Бережно протерев вазу мягкой ветошью и напоследок сдунув с нее последние пылинки, Клитагора осторожно поставила ее перед Состратом. Он еще раз вгляделся в тонкий изысканный рисунок — художник изобразил Сарпедона, тело которого благоговейно несли по воздуху Сон и Смерть. Кто таков Сарпедон, Сострат знал — ликийский царь, его Европа родила от Зевса, и приходился он братом царю Крита Миносу и Радаманту, судье в Аиде.Храбреца и героя Сарпедона, верного союзника троянцев, убил под Троей доблестный Патрокл, сын Менетия, друг богоподобного Ахиллеса.

Ваза двуручная, понизу опоясана меандром.Ободок тоже украшает замысловатый орнамент; несмотря на почтенный возраст, на то, что в роду Сострата переходила из рук в руки, цела-целехонька — ни трещинки, ни царапинки, ни щербинки.

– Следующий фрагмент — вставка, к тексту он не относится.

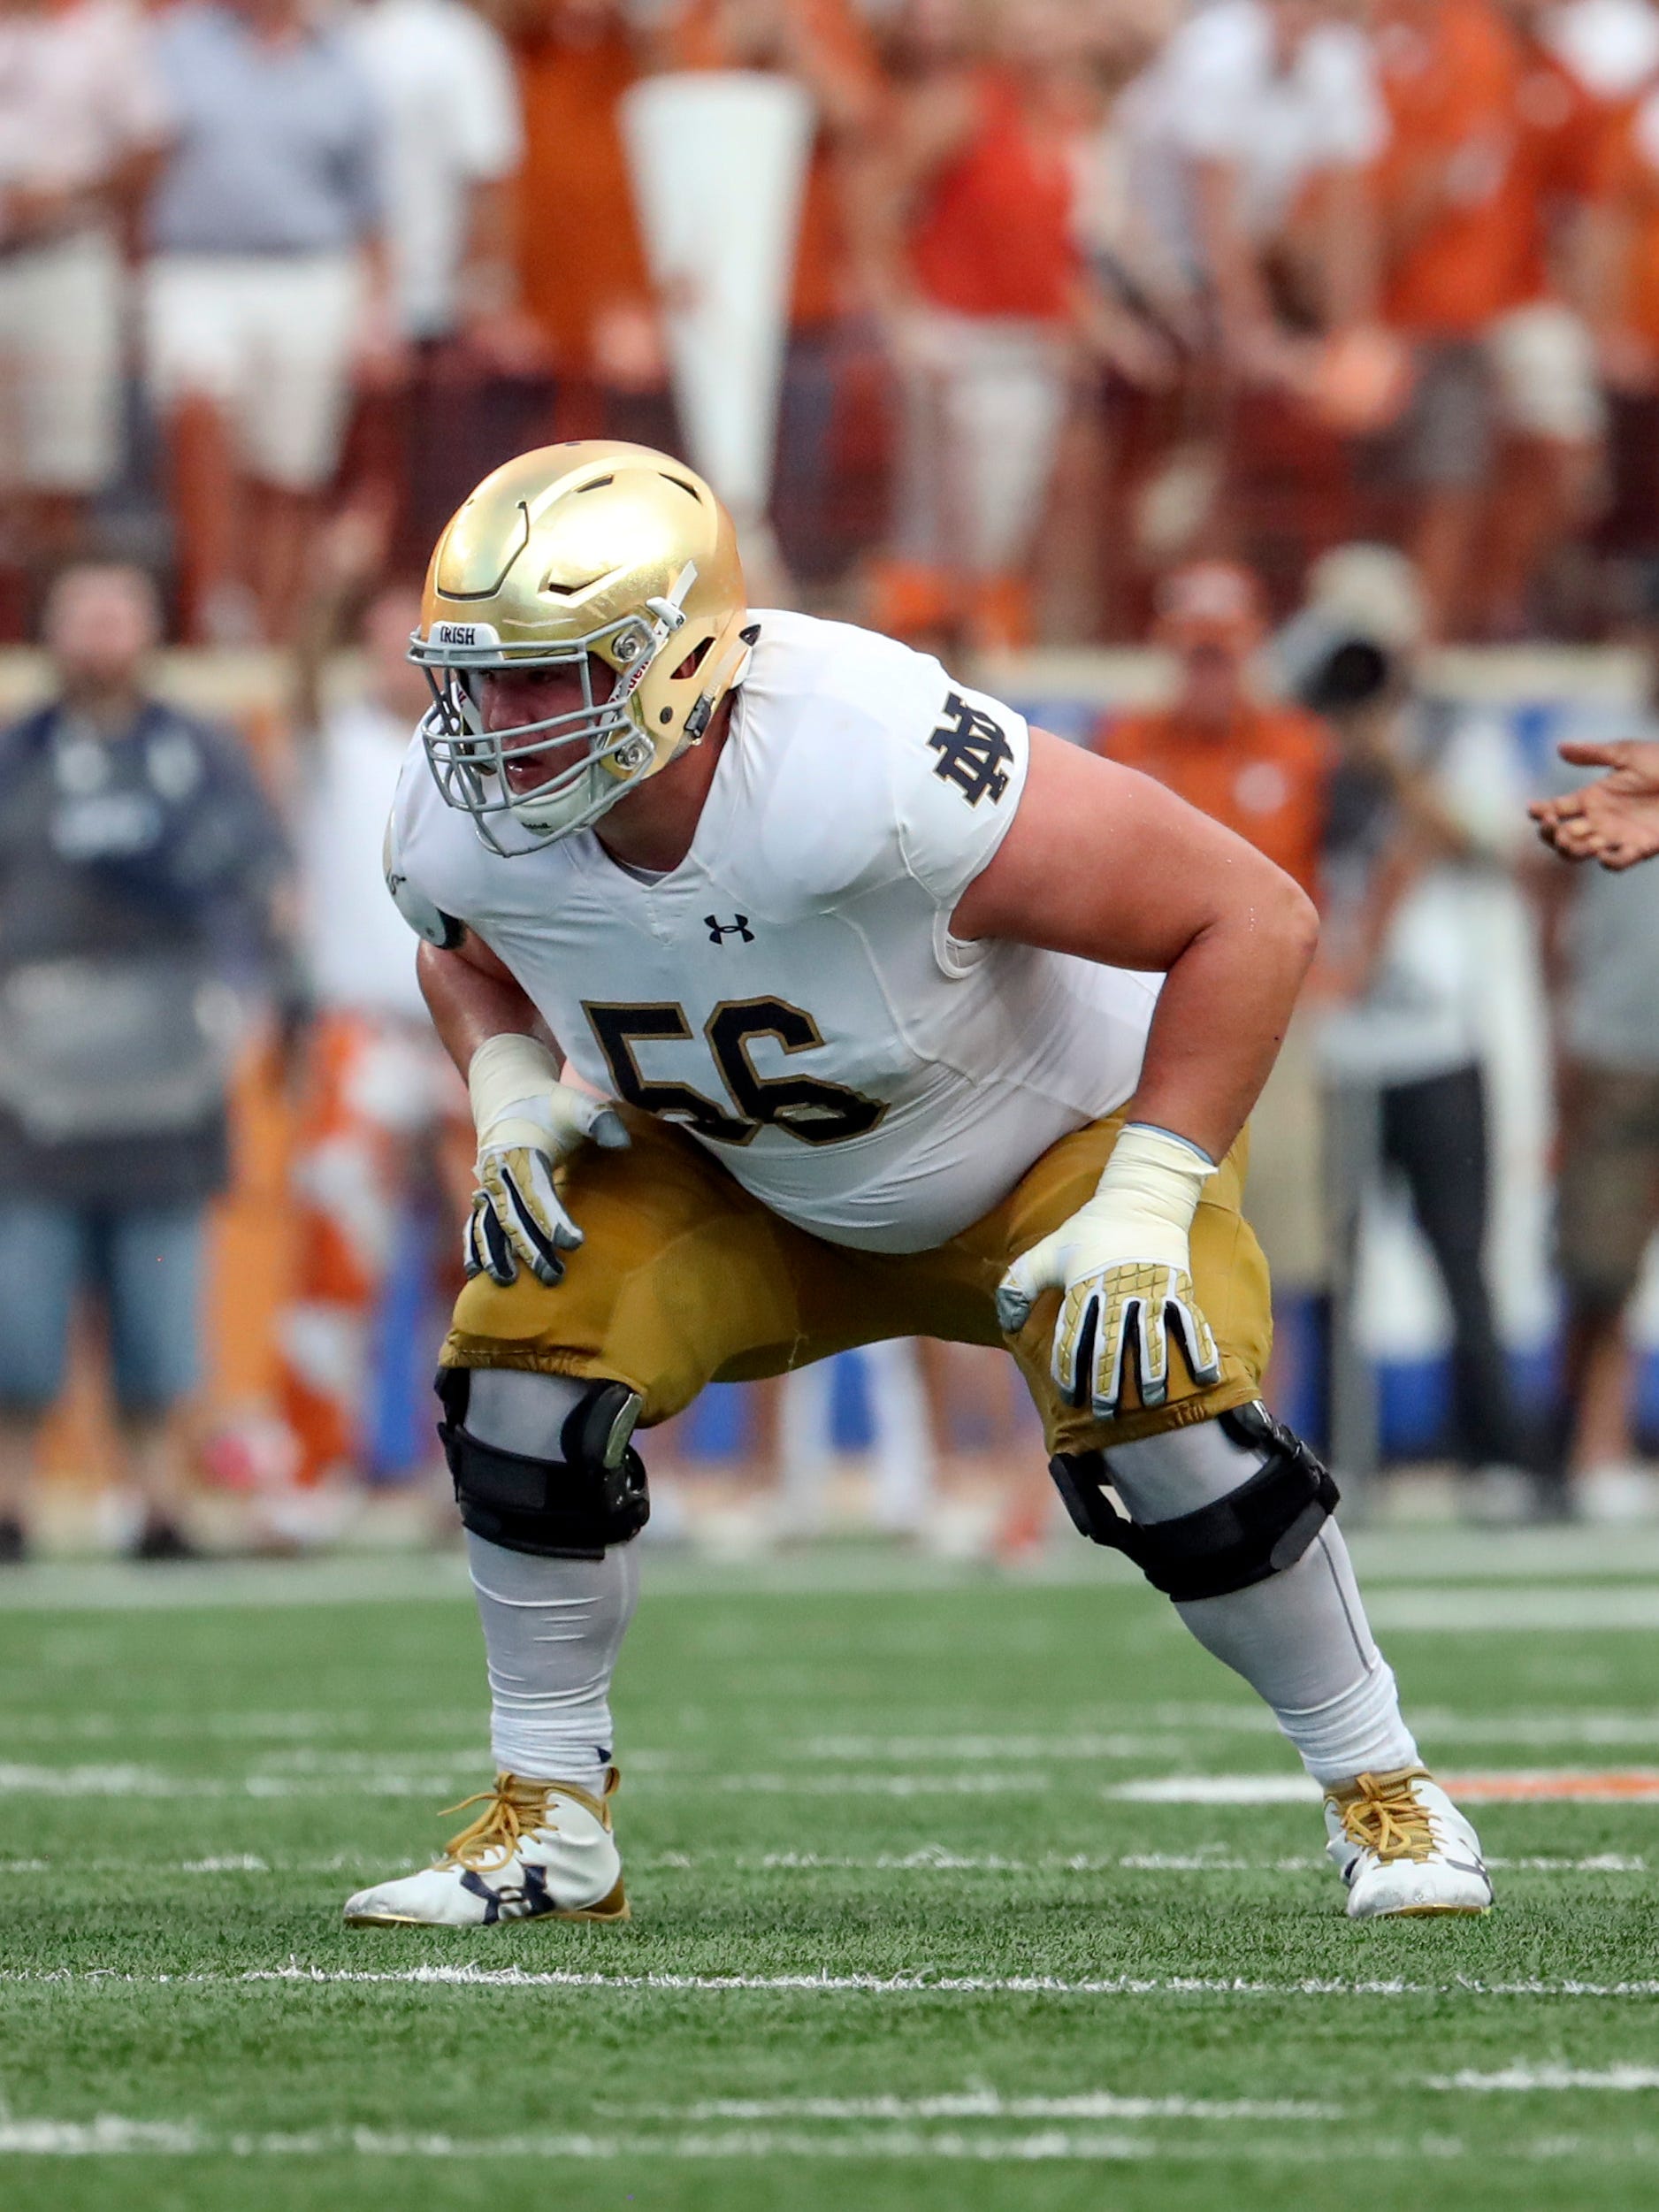 18 Nfl Draft Live Blog Colts Select Lineman Quenton Nelson As 1st Round Is Complete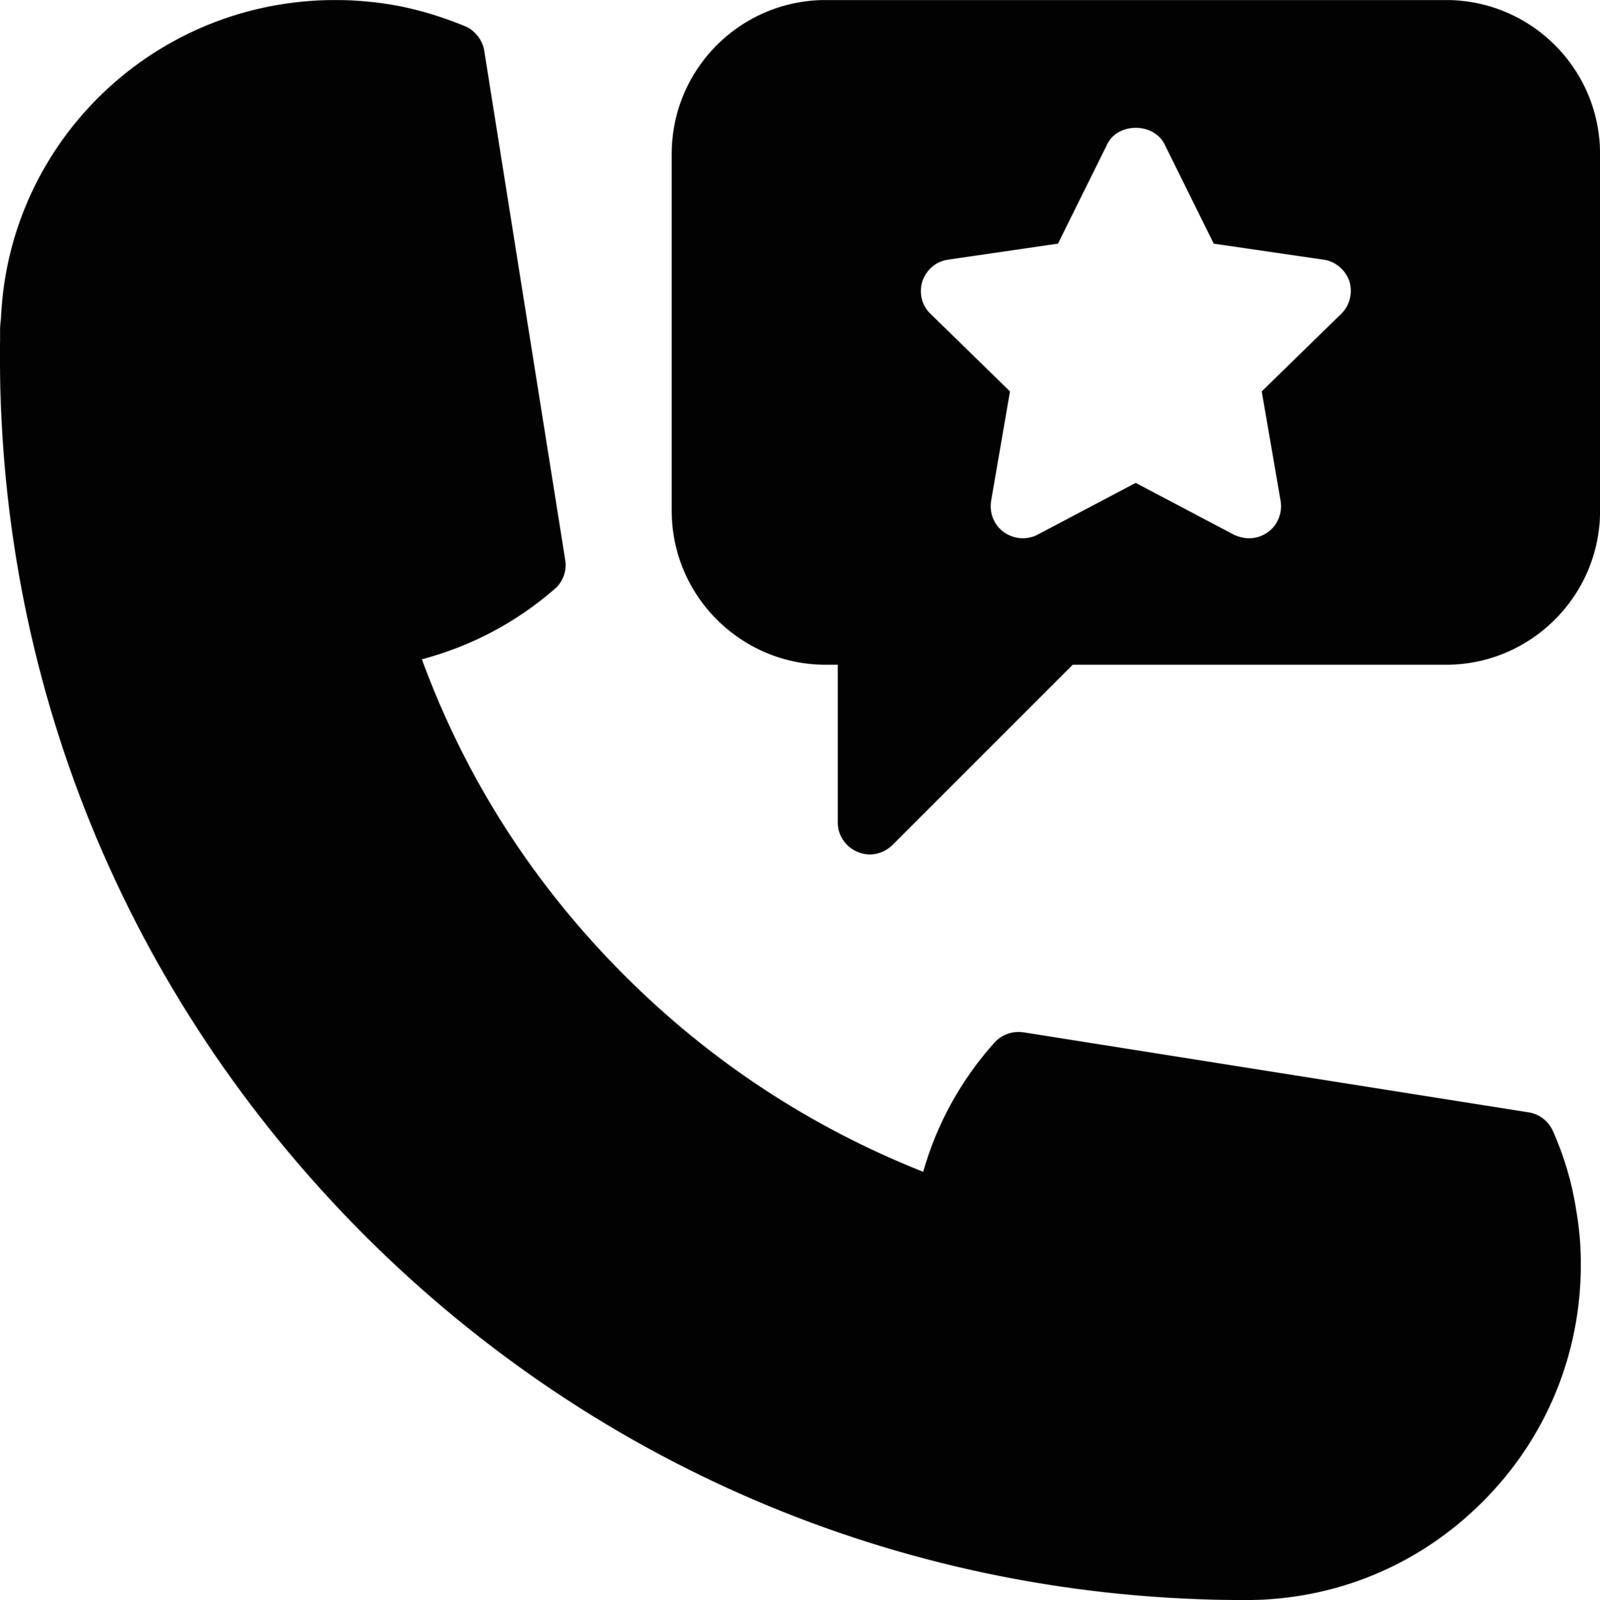 phone call Icon isolated on white background. Vector illustration. Eps10. Vector icon for website design and app

У Сострата даже заболело сердце: продав редкостную вазу, завещанную ему предками, он словно бы совершит тяжкий грех предательства. Но что делать, если ремесло не дает ему средств на пропитание. И Клитагора прекрасно поняла, что сейчас делается в его душе. Помолчав, она вздохнула и спросила:

— Объясни, Сострат, почему все-таки твой промысел не приносит никакого дохода? Ведь ты отменный мастер. Сандалии, которые ты плетешь, удобны, прочны и красивы, хотя ты и не покрываешь их позолотой и не украшаешь драгоценными камнями.

— Неужели собственным умом не можешь постигнуть, отчего мой товар раскупается плохо, а сандалии, сделанные в мастерской Асконда, который живет кварталом ниже, раскупаются в мгновение ока? И не потому, что его изделия лучше моих. Просто они стоят дешевле, а кто откажется сэкономить десять-пятнадцать оболов? Кожу он берет по той же цене, что и я, но его сандалии плетут двенадцать рабов, которых он обязан накормить и худо-бедно одеть да обуть. Много ли надобно «телам»? А выжимать из них соки Асконд умеет. Поставь я такую же цену, как он, выручка не покроет даже половину расходов на ту же кожу. Семья наша не только помрет с голоду, но еще раньше потеряет даже кров над головой и распростится с последним котелком. Одна лишь радость: я — свободный афинский гражданин. Толку с этого…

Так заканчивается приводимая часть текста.